The poem starts off very wholesomely. “You fit into me, like a hook into an eye” implies the existence of a relationship, one that is as much of an exact, perfect match as is the eye of a lock, into which only one particular kind of key fits. However, in the very next lines, this imagery is reversed. The reader realizes that Atwood is not talking about a key, and the eye is not they eyehole of a lock. It is a fishhook in a human eye. The language at the end highlights how terrible of a combination this relationship actually has, and that it would be better if these two things never came together. This is true both of fishhook and eyeballs as well as a man and woman in an unfavorable relationship.
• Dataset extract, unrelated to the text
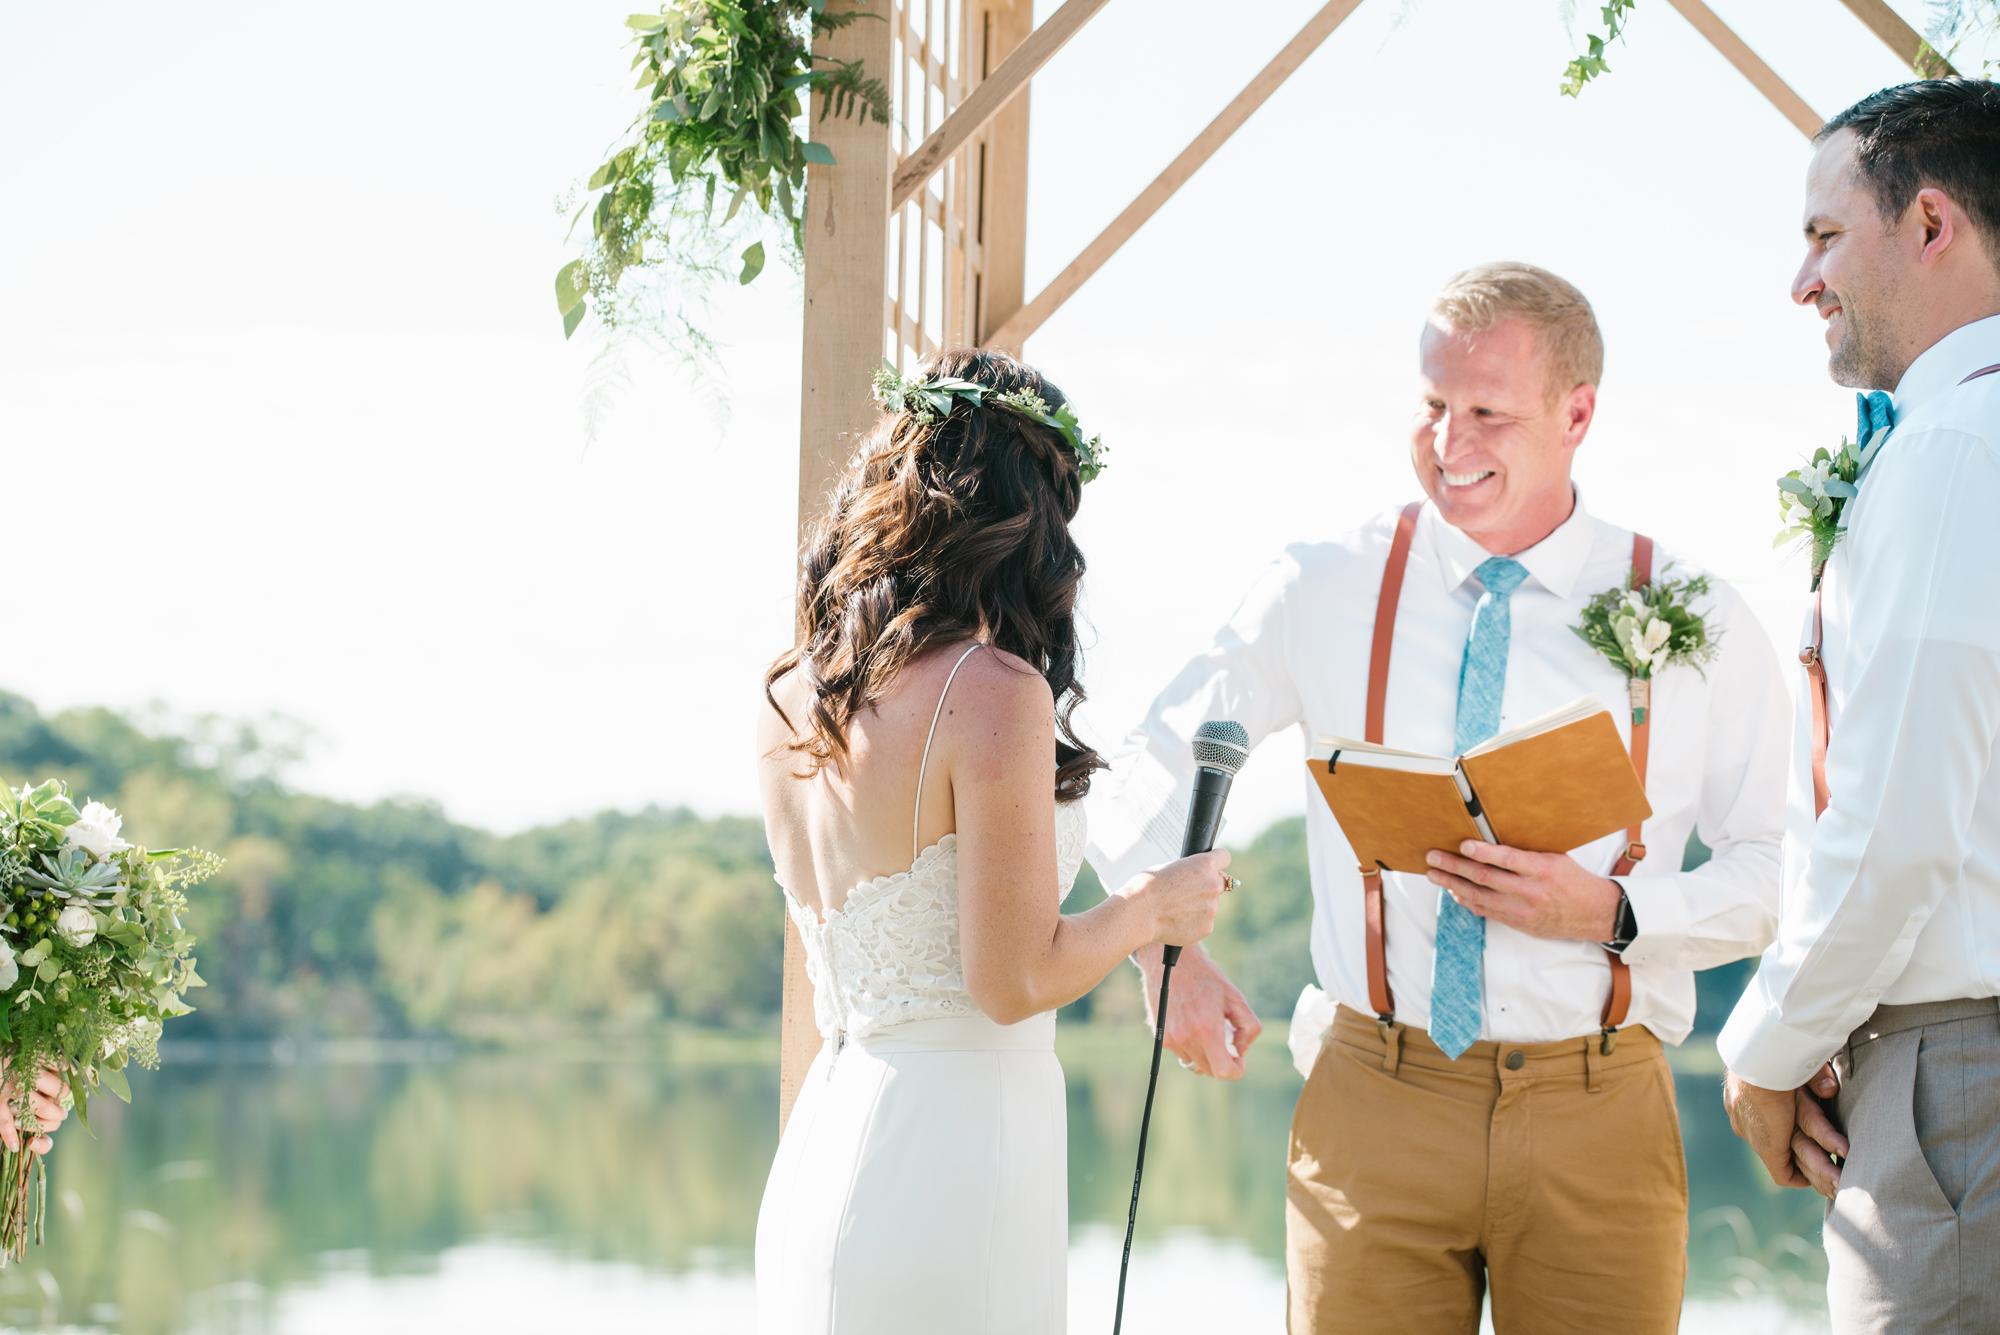 Quincy-Coldwater-Michigan-farm-wedding-photogapher-sydney-marie (151).jpg
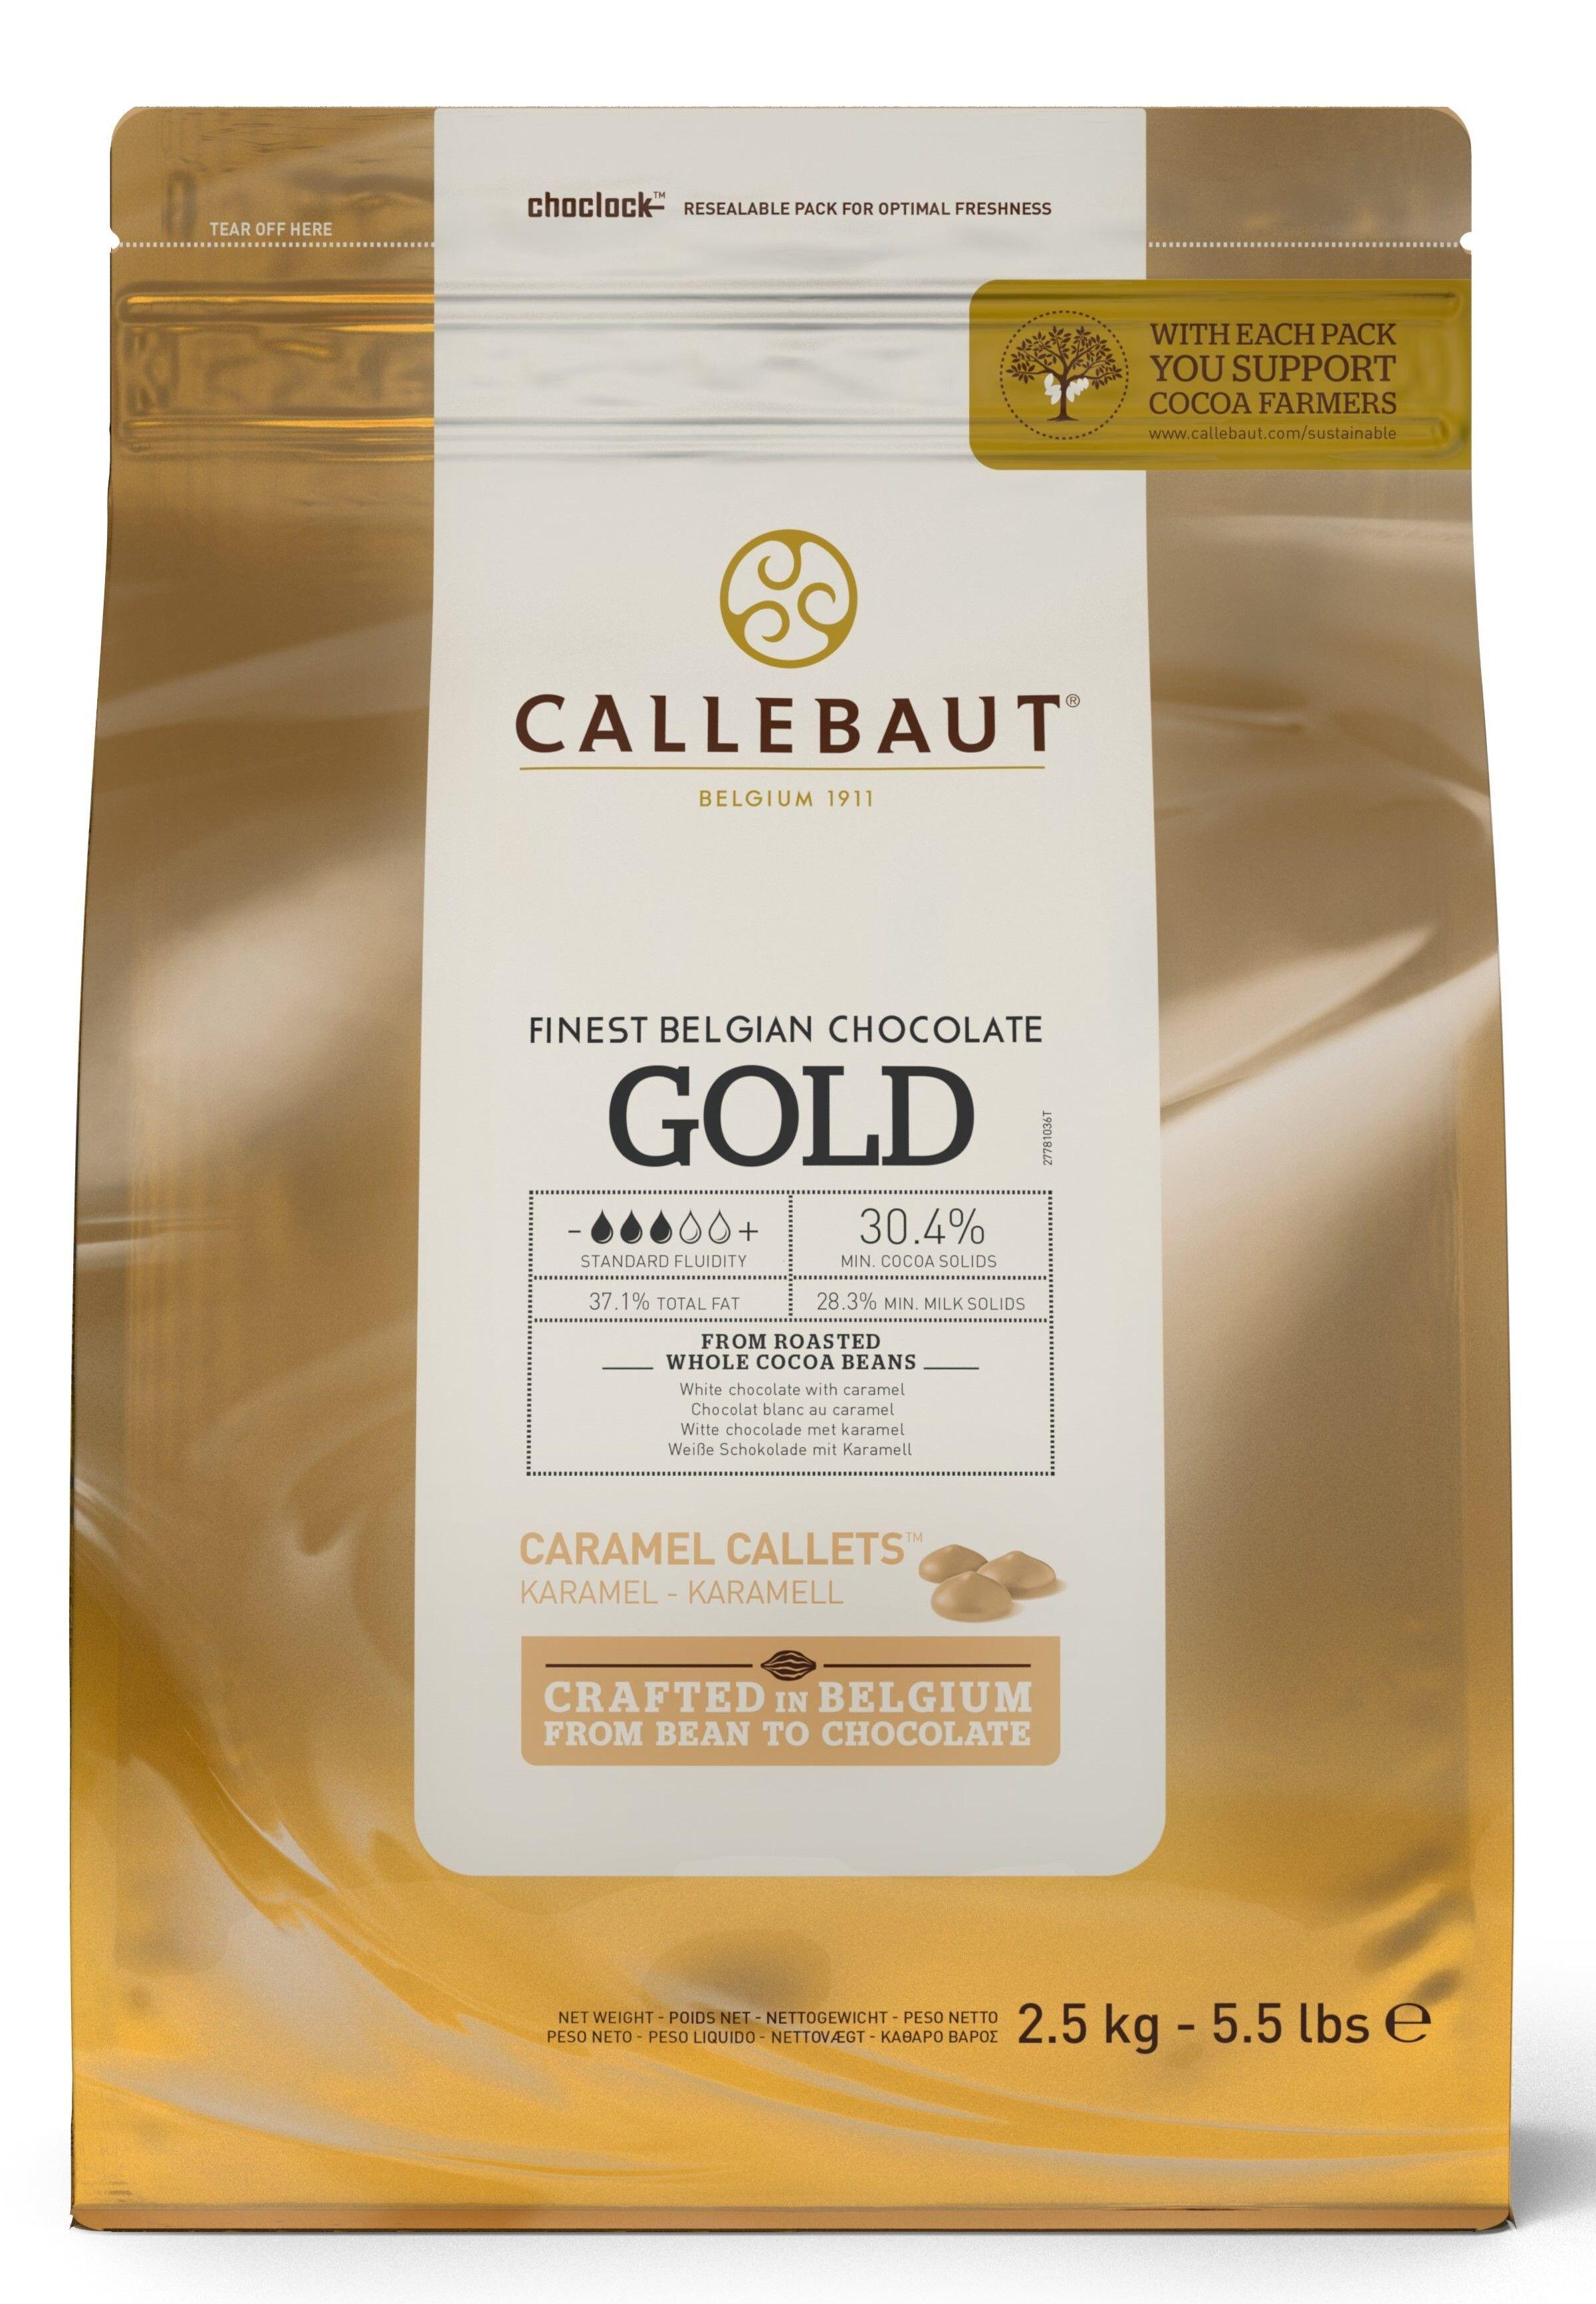 Callebaut Finest Belgian Gold chocolate 2,5kg callets (Chocolade)

However, the size of the poem also conveys a sense of irony. Upon reading the second set of lines, the reader immediately recognizes the humor of the poem, as well as the incommensurability of the two objects in question (which represent a bad relationship). This recognition is almost instantaneous—of course nobody would want to have a fishhook in their eye! But, and this is Atwood’s deeper point, many bad relationships can last for months and even years before the two partners realize that there is a problem. As obvious and unhealthy as some relationships are, couples may remain blind to their own disfunction, and thus fail to appreciate their own incommensurability. Thus, the brevity with which the reader recognizes a problem in Atwood’s poem is contrasted with the incredibly long periods of time it takes men and women to recognize problems in their love life.